> **DATA**:

"""

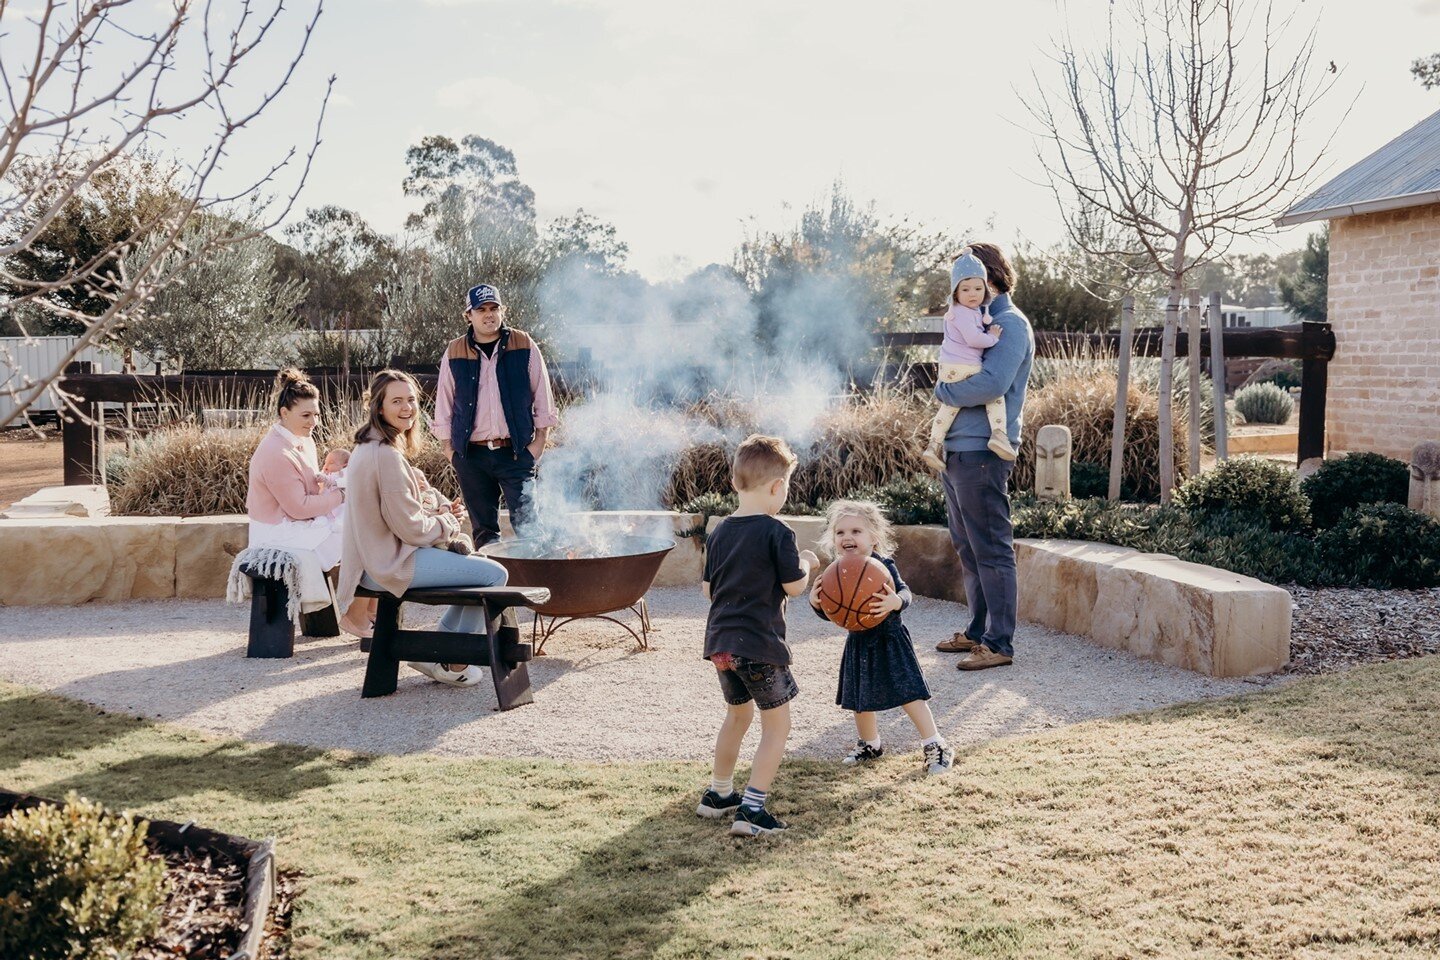 Is there anything better than hosting your friends and family in your own backyard? ⁠
⁠
Make this your reality, call our agents today: ⁠
Richard Tegart 0418 634 868 @raywhitedubbo ⁠
Michael Redden 0409 844 036 @reddenfamily Real Estate ⁠
⁠
📸 : @copp
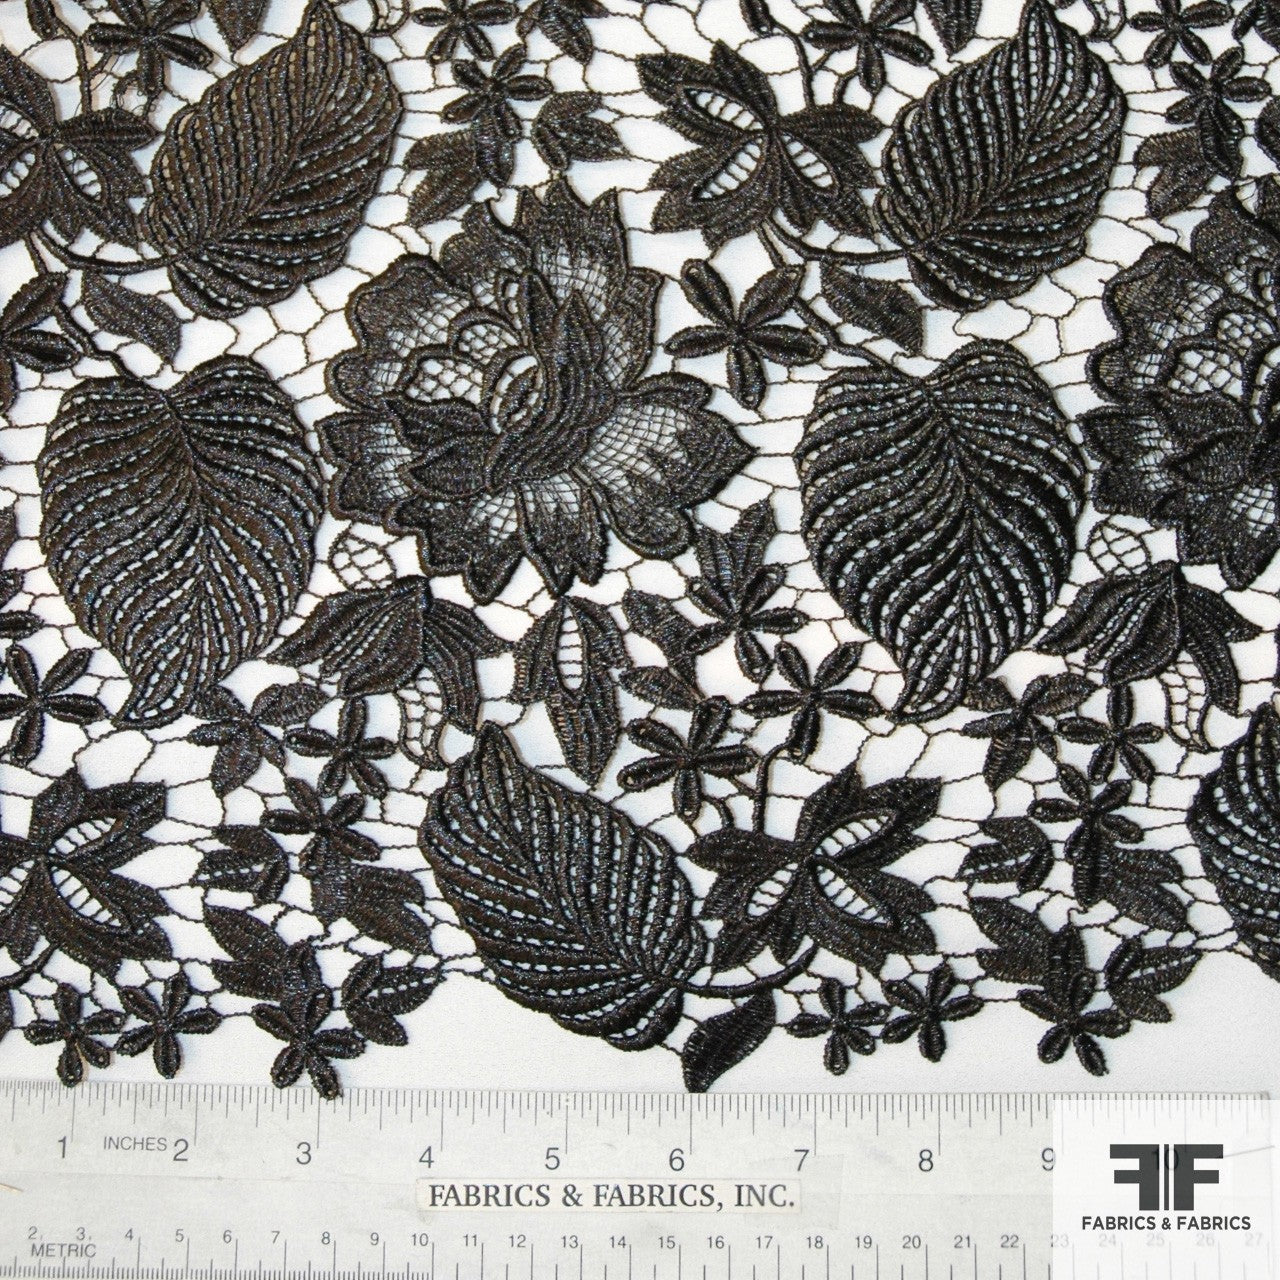 Black Lace Fabric, Black Guipure Lace Fabric, Crochet Lace Fabric, Bridal  Lace Fabric, Lace Fabric With Classical Floral Pattern, Hot 
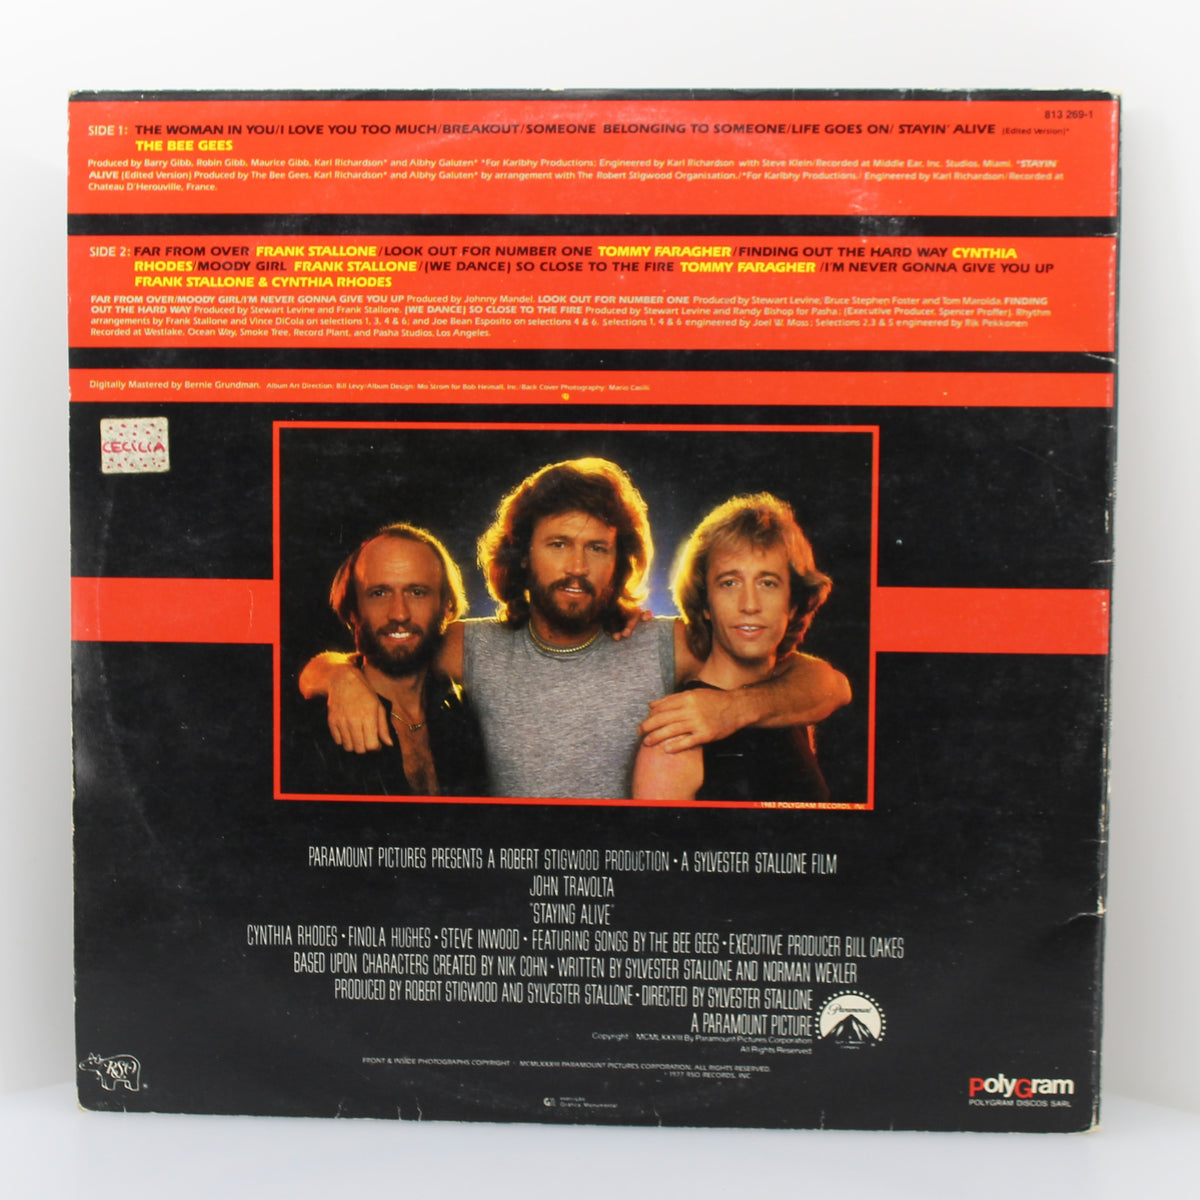 Bee Gees -  The Original Motion Picture Soundtrack Staying Alive, Vinyl LP 33Rpm Album, Portugal 1983

"""

> **ASSIGNMENT**:
The result should be a precise copy of all the entries, free of pictures.

> **SOLUTION**:
 Is there anything better than hosting your friends and family in your own backyard? ⁠
⁠
Make this your reality, call our agents today: ⁠
Richard Tegart 0418 634 868 @raywhitedubbo ⁠
Michael Redden 0409 844 036 @reddenfamily Real Estate ⁠
⁠
📸 : @copp
 Black Lace Fabric, Black Guipure Lace Fabric, Crochet Lace Fabric, Bridal  Lace Fabric, Lace Fabric With Classical Floral Pattern, Hot 
 Bee Gees -  The Original Motion Picture Soundtrack Staying Alive, Vinyl LP 33Rpm Album, Portugal 1983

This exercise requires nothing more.